In several works of Martin Bridson there is a definition of an asynchronously combable group. It looks like this is a rather convenient notion used for estimating Dehn functions, for proving that groups are automatic and for other things. It is only natural to ask how should a group look like if it is so 'bad' that it is not even asynchronously combable? Here are the relevant definitions.
Let $\Gamma$ be a group with finite generating set $\mathcal A$ and $d(x,y)$ be the associated word metric.
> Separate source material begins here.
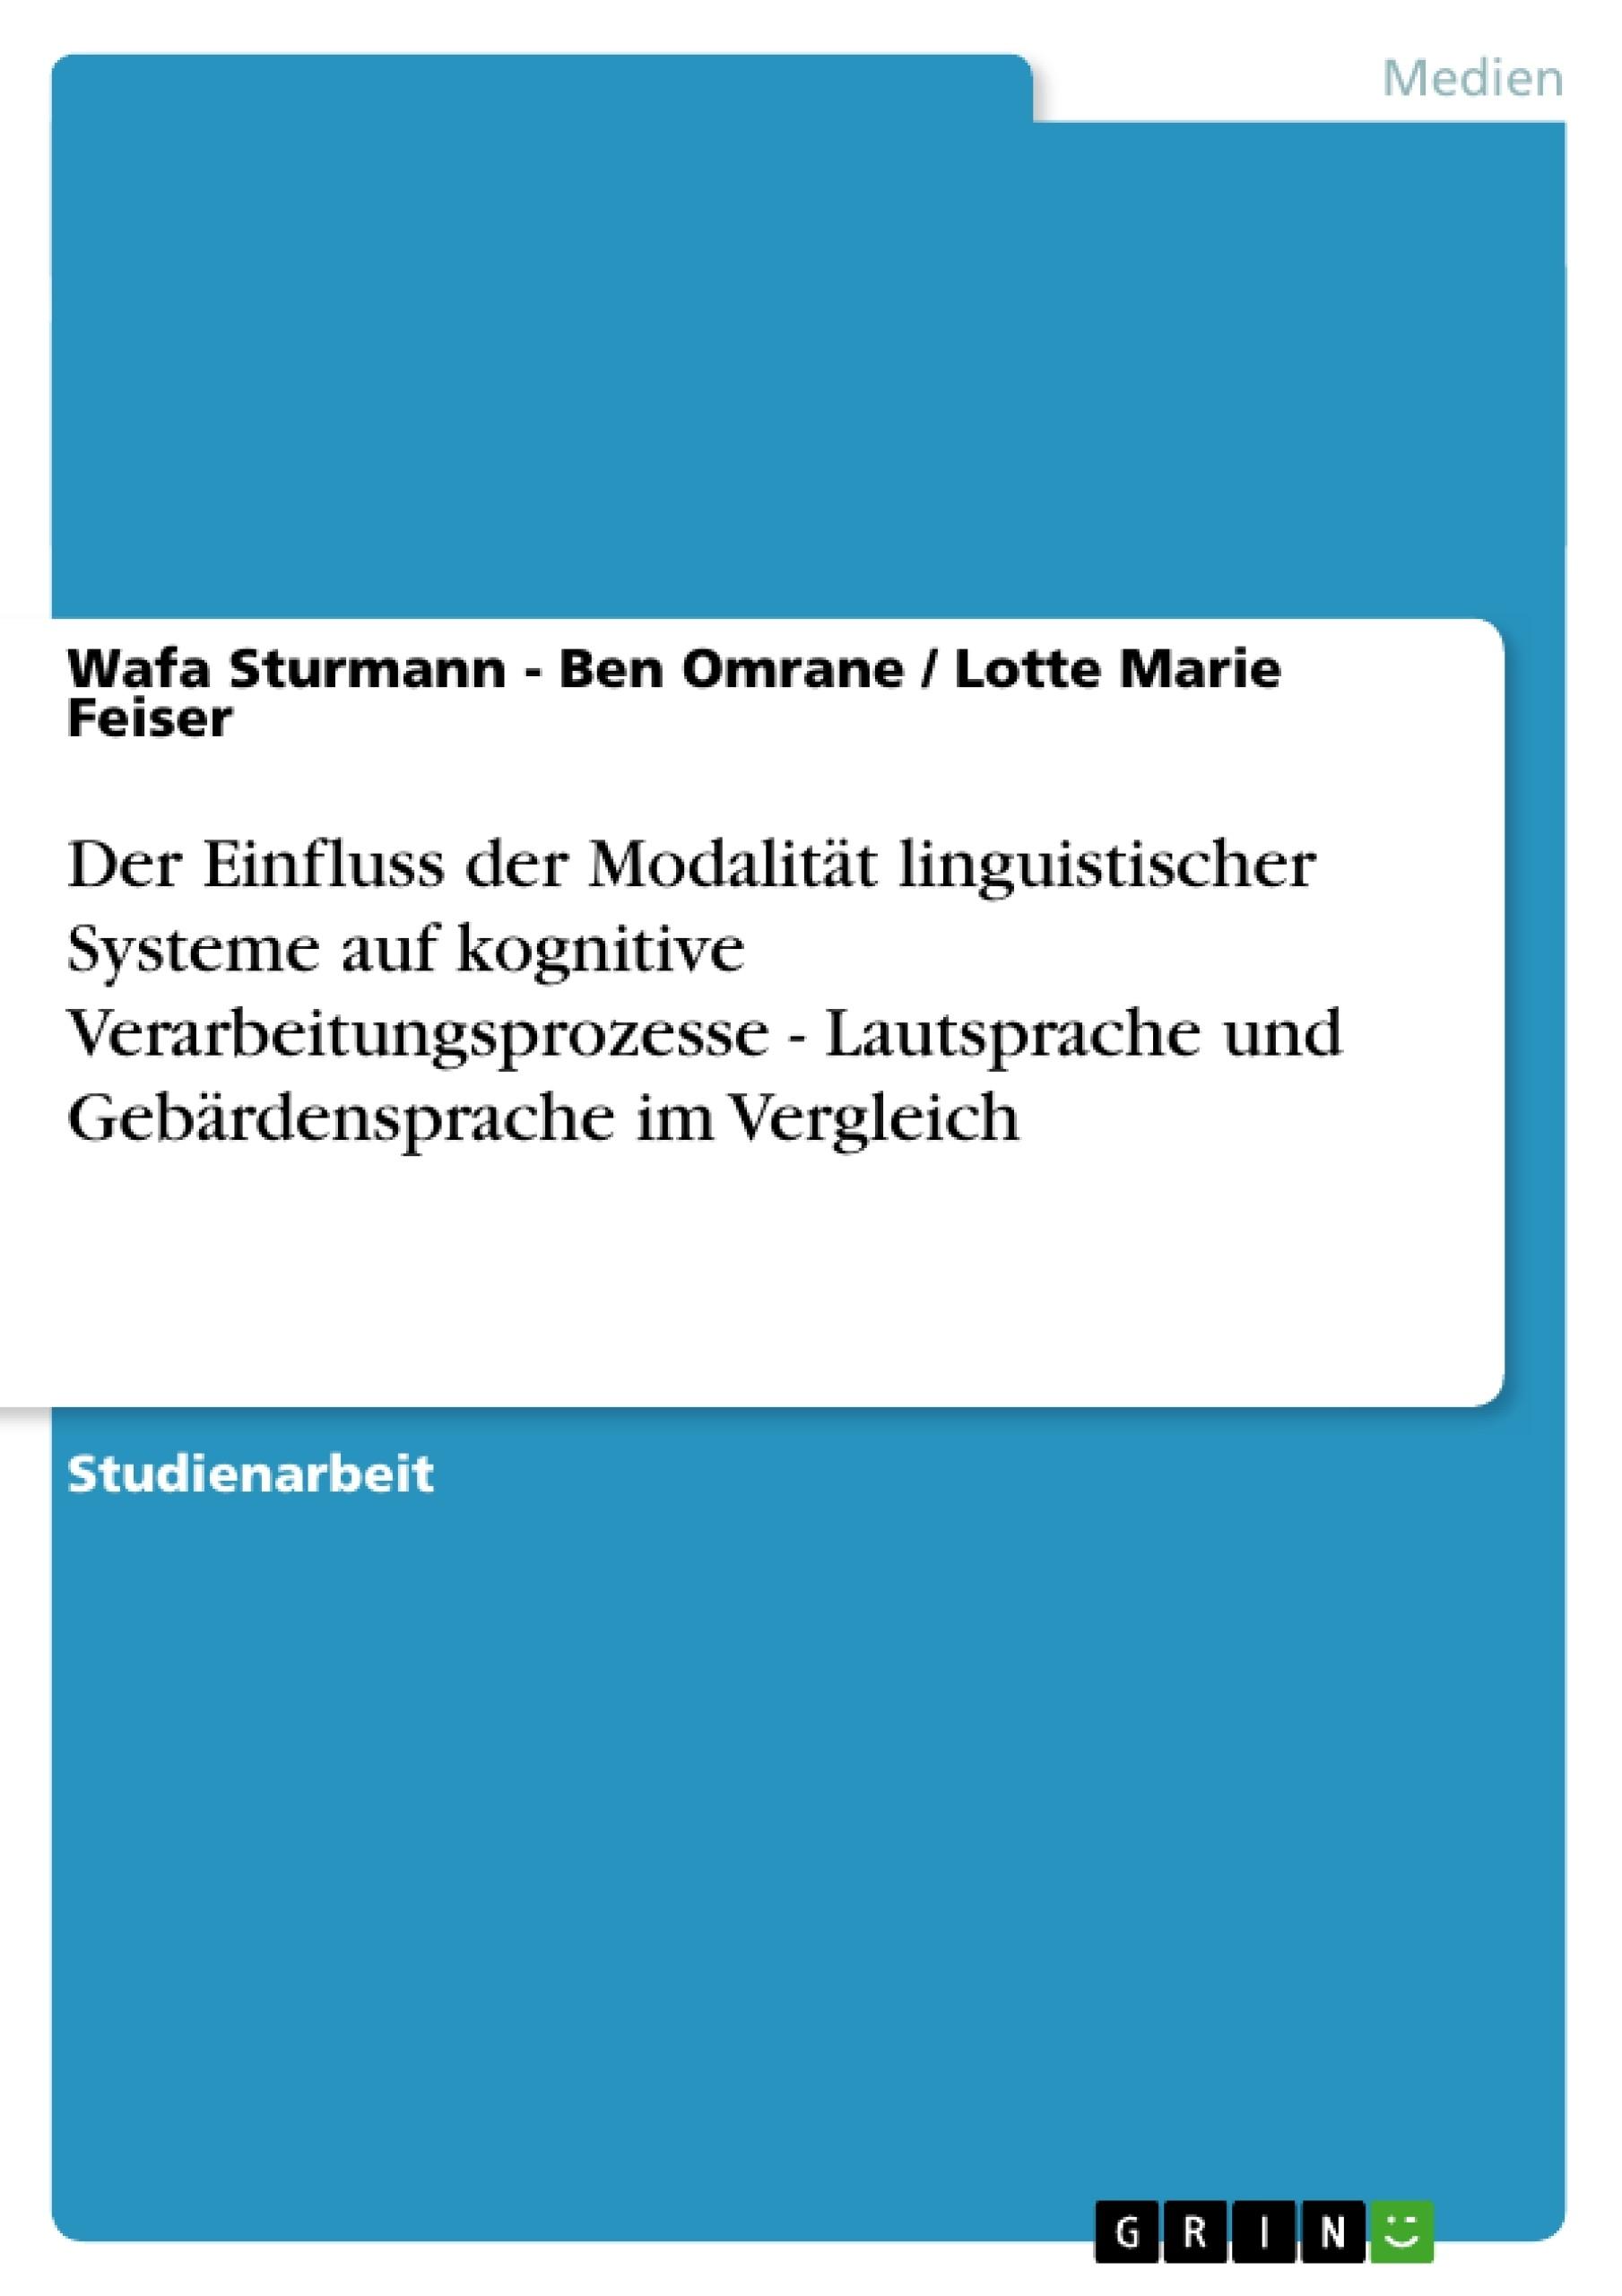 Titel: Der Einfluss der Modalität linguistischer Systeme auf kognitive  Verarbeitungsprozesse  - Lautsprache und Gebärdensprache im Vergleich

A combing (normal form) for $\Gamma$ is a set of words $\{\sigma_\gamma\mid\gamma\in\Gamma\}$ in the letters $\mathcal A^\pm$ such that $\sigma_\gamma=\gamma$ in $\Gamma$. Let $$ R=\{\rho\colon\mathbb N\to\mathbb N\mid\rho(0)=0;\,\rho(n+1)\in\{\rho(n),\rho(n)+1\}\,\forall n;\,\rho\text{ unbounded }\}. $$ Given eventually constant paths in the Cayley graph $p_1,p_2\colon\mathbb N\to(\Gamma,d)$ we define $$ D(p_1,p_2)=\min_{\rho,\rho'\in R}\big\{\max_{t\in\mathbb N}\{d(p_1(\rho(t)),p_2(\rho'(t))\}\big\}. $$ Given a combing $\sigma$ for $\Gamma$, the asynchronous width of $\sigma$ is the function $\Phi_\sigma\colon \mathbb N\to\mathbb N$ defined by $$ \Phi_\sigma(n)=\max\{D(\sigma_g,\sigma_h)\mid d(1,g),d(1,h)\leq n;\,d(g,h)=1\}. $$ Here we treat words $\sigma_g$ as paths in the Cayley graph, by continuously extending the graph distance function $d$, which gives all edges length $1$, and assuming that the path $\sigma_g(t)$ is constantly equal to $g$ for $t>\operatorname{length}_{\mathcal A^\pm}(\sigma_g)$.
A finitely generated group $\Gamma$ is said to be asynchronously combable if there exists a combing $\sigma$ for $\Gamma$ and a constant $K>0$ such that $\Phi_\sigma(n)\leq K$ for all $n\in\mathbb N$.
The question now is: what is a simple example of a finitely presented group for which the asynchronous width function $\Phi_\sigma(n)$ is unbounded?